I also eat bagged salad with meat or fish, olive oil or dressing, and sometimes cheese or hard boiled eggs with mayo. I'll sometimes have a piece of gluten free bread with it. This is the easiest meal for me if I can't prepare anything much as you can just chuck it all on a plate.

I do like homemade soup so I sometimes eat the last of my stew as a soup either blended or chunky.

I buy gluten free breaded fish that goes in the freezer, salmon and chicken also in the freezer - all can be put in the oven and then just eat with some boiled vegetables with butter, mayo, or ketchup.

I find preparing food food a d feeding myself is pretty much what I am using my energy for... It's my priority and I hinge it around resting to prepare to do it, during it and afterwards.
 

Valentijn

Senior Member
Messages
15,786
I use an ironing chair with a little plastic footstool for my feet so that I can sit at the cooker or kitchen surface as standing usually makes my HR too high and occasionally too low.
My heart rate monitor sometimes claims that my HR is really low, when standing too long. But right before and after being "too low", it's actually too high without ever passing through the normal zone. So my theory is that my pulse is getting too weak for the monitor to pick up each heart beat (I get very narrow pulse pressure sometimes), and is only counting one-half or one-third of my heart beats. And indeed, I'll have just had a heart rate of 120, and it'll start saying 60 or 40 (even though I feel exactly the same as 120), then bounce back to 120.

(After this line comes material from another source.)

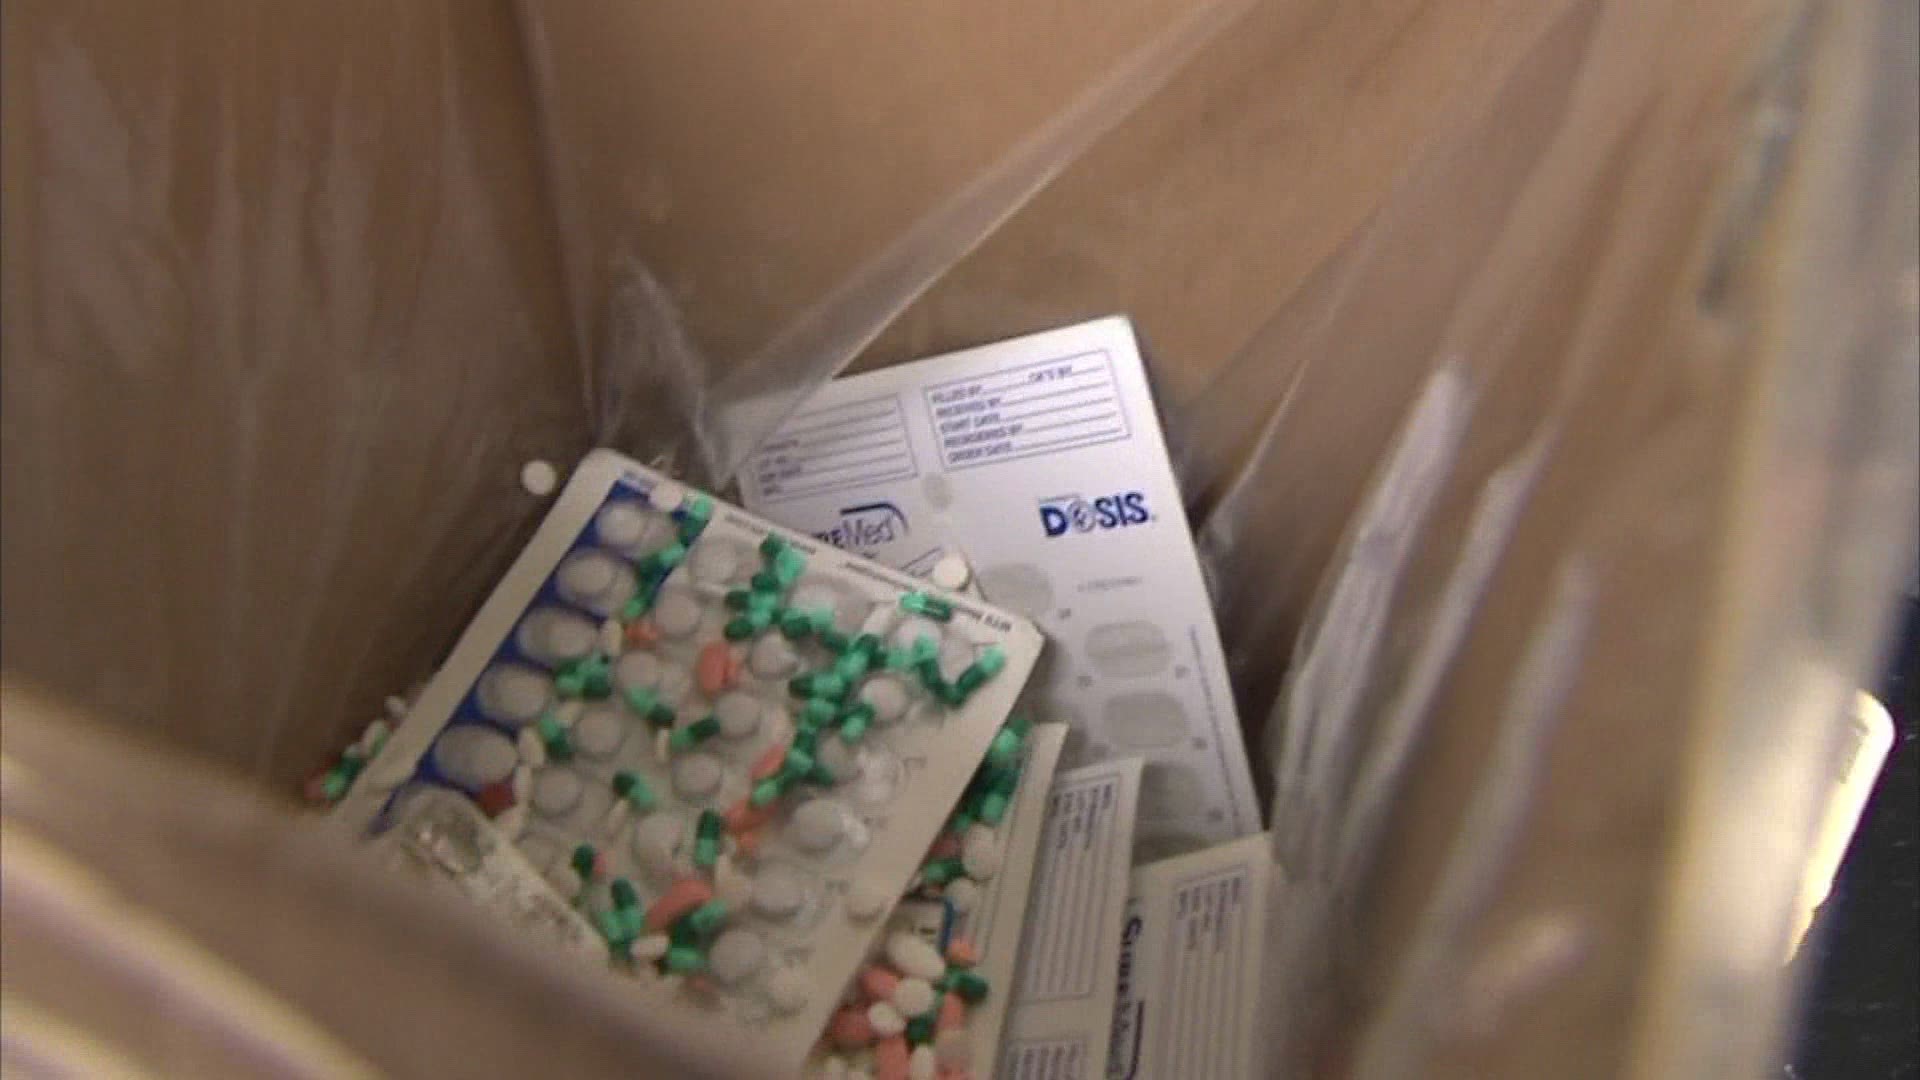 10TV talked with a DEA representative about National Drug Take Back Day.
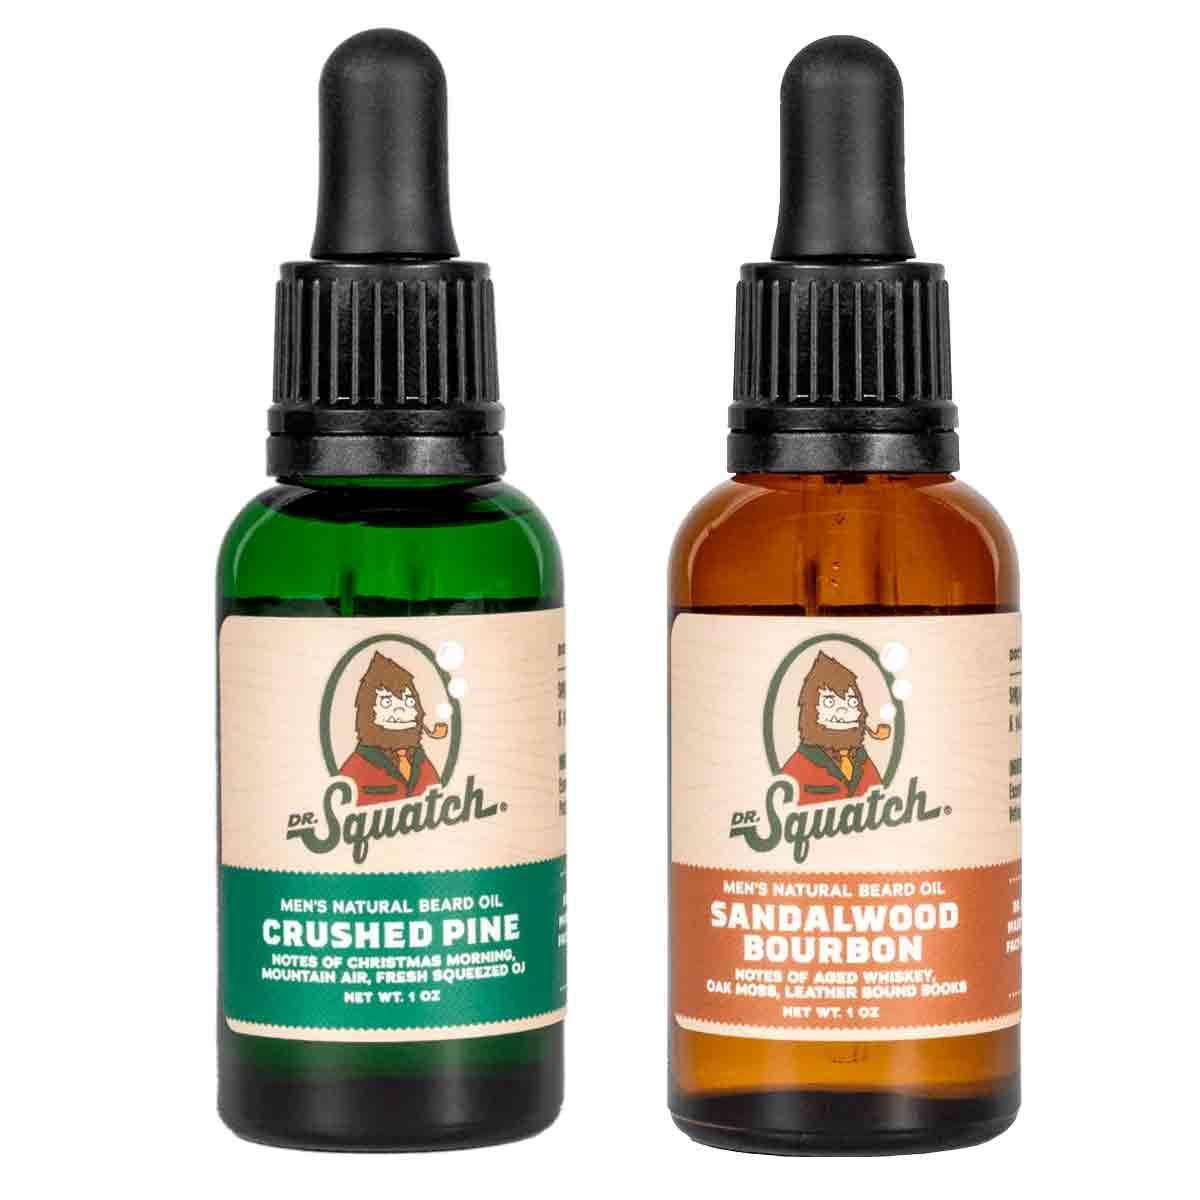 Dr. Squatch Beard Oil Tutorial  Are you taking proper care of

If I stick on my pulse oximeter while this is happening, it also shows the 120 but has never shown the 40 or 60 readings.
 

CantThink

Senior Member
Messages
800
Location
England, UK
@Valentijn do you manually check? I can tell when mine goes too low as I feel a certain feeling, and when I check with my fingers sure enough my heart is beating very slowly. I do have AI thyroid disease though so I wonder if that affects it. I get it lying/half-sitting too. It's just annoying standing up as it makes me feel weak.
 

Valentijn

Senior Member
Messages
15,786
@Valentijn do you manually check? I can tell when mine goes too low as I feel a certain feeling, and when I check with my fingers sure enough my heart is beating very slowly. I do have AI thyroid disease though so I wonder if that affects it. I get it lying/half-sitting too. It's just annoying standing up as it makes me feel weak.
No, I haven't manually checked mine. I guess we have different things going on with our OI :p
 

Little Bluestem

All Good Things Must Come to an End
Messages
4,930
My heart rate monitor sometimes claims that my HR is really low, when standing too long. But right before and after being "too low", it's actually too high without ever passing through the normal zone. So my theory is that my pulse is getting too weak for the monitor to pick up each heart beat (I get very narrow pulse pressure sometimes), and is only counting one-half or one-third of my heart beats. And indeed, I'll have just had a heart rate of 120, and it'll start saying 60 or 40 (even though I feel exactly the same as 120), then bounce back to 120.

If I stick on my pulse oximeter while this is happening, it also shows the 120 but has never shown the 40 or 60 readings.
I get the same type of sudden drop and then rebound in my heart rate with my pulse oximeter.
 

Little Bluestem

All Good Things Must Come to an End
Messages
4,930
And now back to our current topic - food.

For those who can handle gluten and lactose, cooked cereal is quick to make in the microwave and inexpensive. I like to add fruit, fresh, frozen, or dried, to it.